The reality is that Citus and TimescaleDB [0][1] take very different approaches to columnar compression, which result in different usability and performance trade-offs. In reality one should choose the right tool for their workload.

(As an aside, if you have time-series data, no one has spent more time developing an awesome time-series experience on Postgres than the TimescaleDB team has :-) )

Kudos to the Citus team for this launch! I love seeing how different members of the Postgres community keep pushing the state-of-the art.

[0] Building columnar compression in a row-oriented database (https://blog.timescale.com/blog/building-columnar-compressio...)

[1] Time-series compression algorithms, explained (https://blog.timescale.com/blog/time-series-compression-algo...)

bradleyjg • 3 years ago

This reads to me more like parquet.

simonw • 3 years ago

Reassuring to see big new features like this coming out after the Microsoft acquisition, a healthy sign that this open source product continues to see serious ongoing investment.

ablekh • 3 years ago

Technically, Citus product is open core, not open source. Though open sourcing shard rebalancer is a recent welcome step.

merb • 3 years ago

well because they are the only cloud vendor with a HA master-master postgresql database (citusdb managed) it probably is also a selling point.

manigandham • 3 years ago

Where are you seeing this multi-master feature? As far as I can tell, it uses standby nodes, not multiple active coordinators.

pm90 • 3 years ago

Wait... they have 2 read/write masters? And you can read/write from either master at the same time?

manigandham • 3 years ago

No, it creates a standby (of every node) when HA is enabled.
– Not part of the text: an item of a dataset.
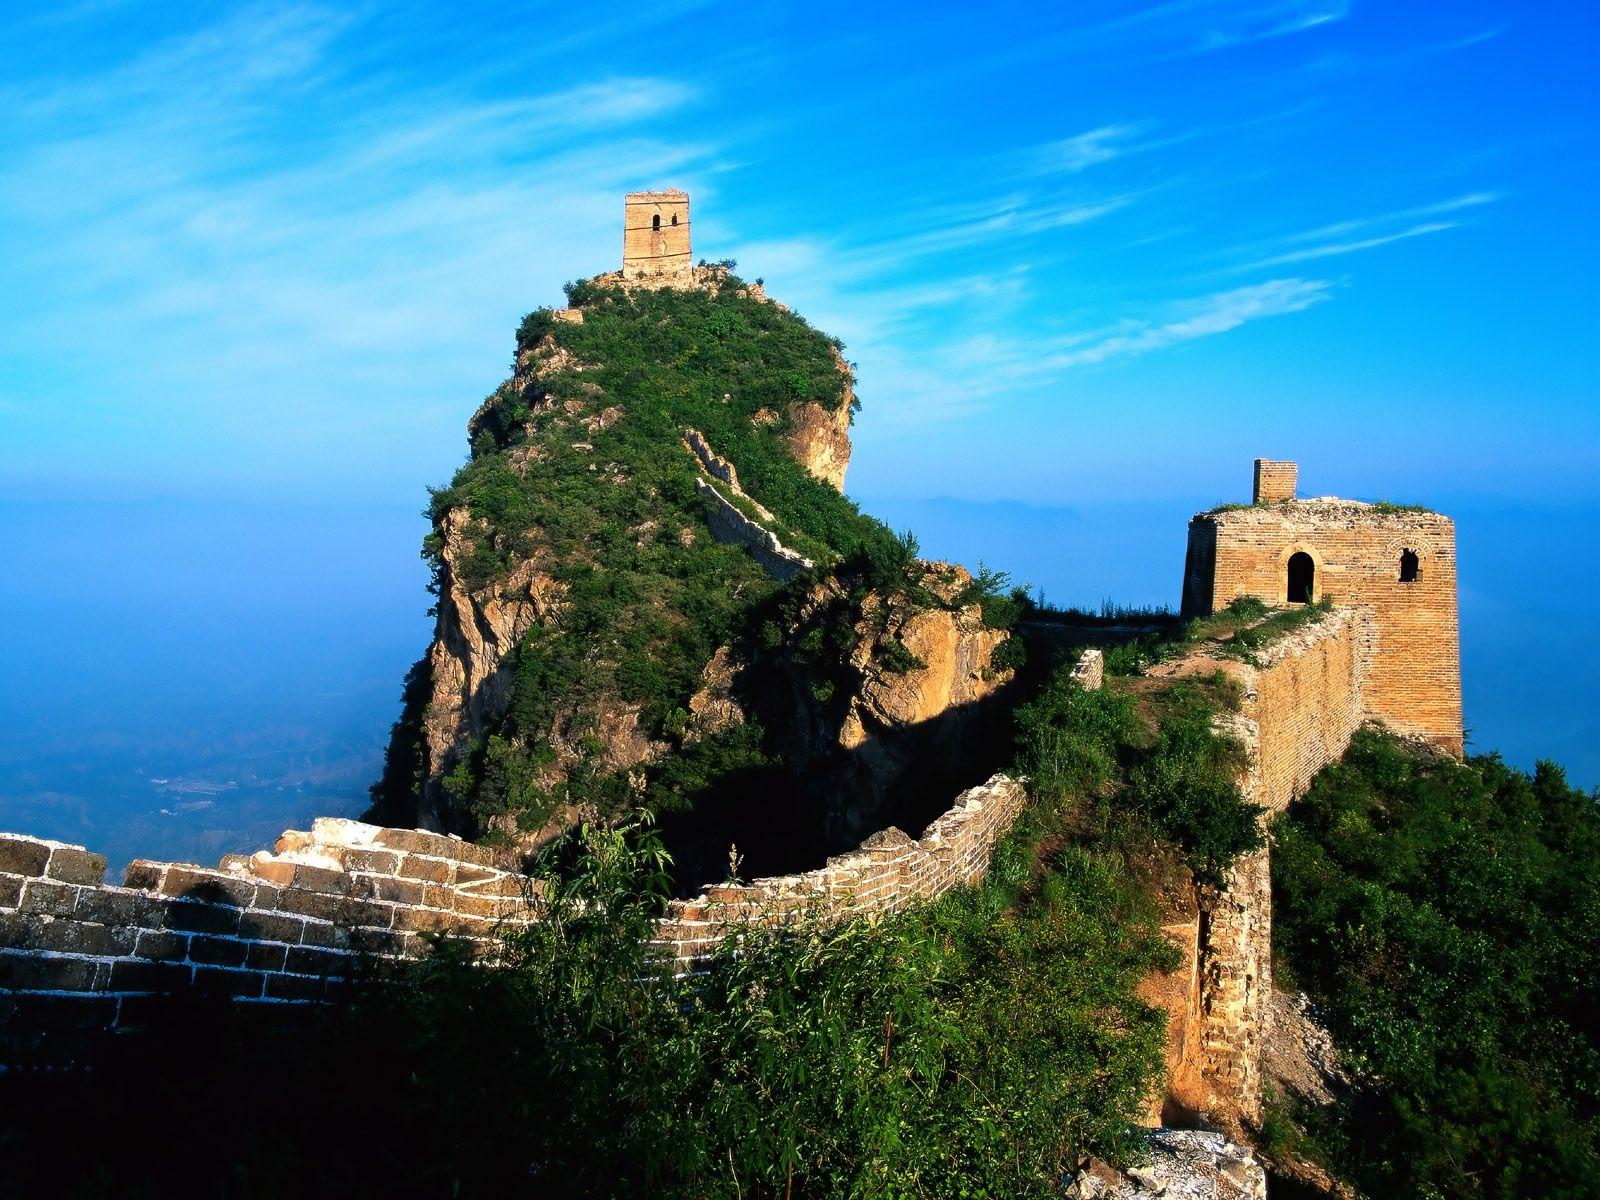 La Gran Muralla China comoestudiarchino.com

https://docs.microsoft.com/en-us/azure/postgresql/howto-hype...

merb • 3 years ago

yes but its more like vitess. which is basically more like sharded masters, but most of the time this works way better than something like galera or bdr.

gigatexal • 3 years ago

Great start! Keep in mind the limitations:

What are the Limitations?

These limitations are not set in stone, and we look forward to working on them in the future:

No UPDATE or DELETE support No index support No logical replication or logical decoding support See more limitations in the columnar README

tpetry • 3 years ago

cstore_fdw had the same limitations, so even if they say these limitations may not persist forever, i am not very hopeful they really want to solve this problem.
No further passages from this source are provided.